ABSTRACT
Endothelial cells line all blood vessels and coordinate blood vessel formation and the blood-tissue barrier via endothelial cell-cell junctions. The nucleus also regulates endothelial cell behaviors, but the mechanisms are poorly understood. Here we show that nuclear-localized SUN1, a LINC complex component that connects the nucleus to the cytoskeleton, regulates endothelial cell-cell junction communication and blood vessel formation. Loss of murine endothelial Sun1 impaired blood vessel formation and destabilized junctions. At the cellular level, SUN1 stabilized endothelial cell-cell junctions and promoted barrier function. Abnormal SUN1-depleted junctions resembled those seen with loss of microtubules, and they were accompanied by impaired microtubule dynamics and actomyosin hypercontractility. Angiogenic sprouts formed but retracted in SUN1-depleted endothelial cells, and vessels of zebrafish lacking SUN1 had abnormal extension and were defective in forming connections. Thus, endothelial SUN1 regulates peripheral cell-cell junctions from the nucleus, likely via microtubule-based interactions, and this long-range regulation is important for blood vessel formation and barrier function.

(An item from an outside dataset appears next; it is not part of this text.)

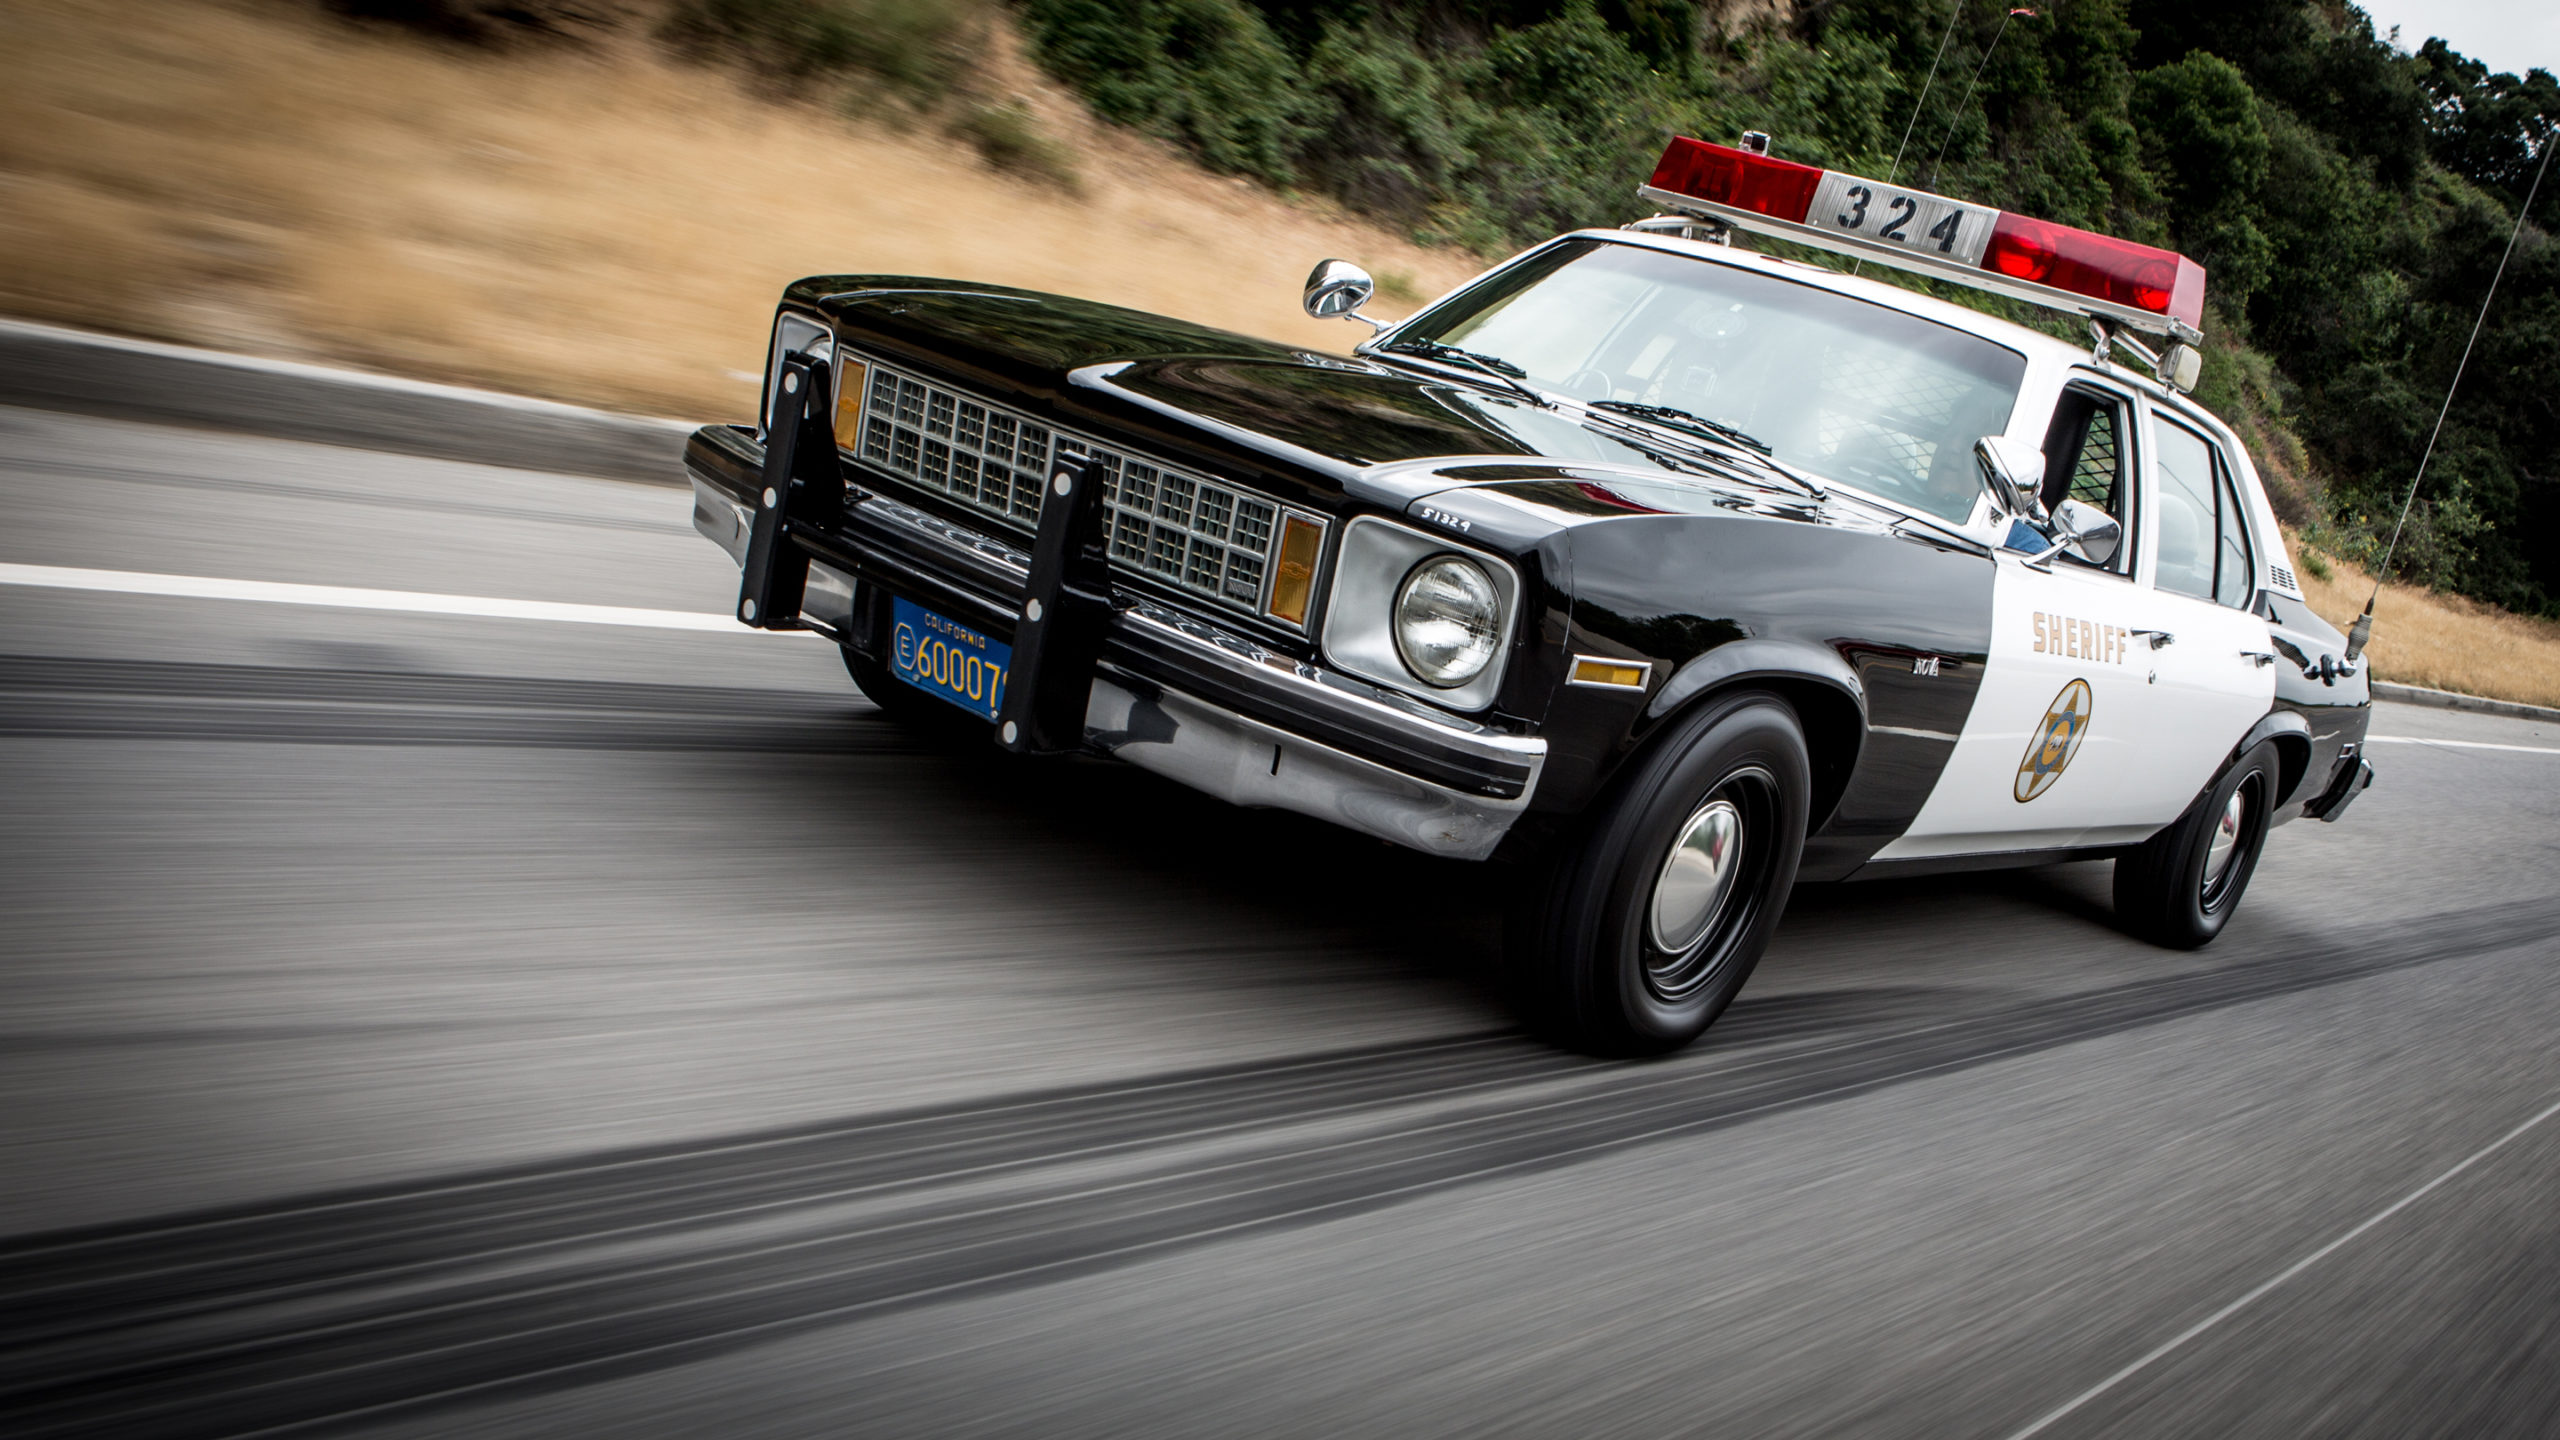 Chevy II Nova Retrospective | THE SHOP

SUMMARY The nuclear membrane protein SUN1 promotes blood vessel formation and barrier function by stabilizing endothelial cell-cell junctions. Communication between SUN1 and endothelial cell junctions relies upon microtubules, revealing long-range cellular communication that is important for vascular development and function.
Competing Interest Statement
The authors have declared no competing interest.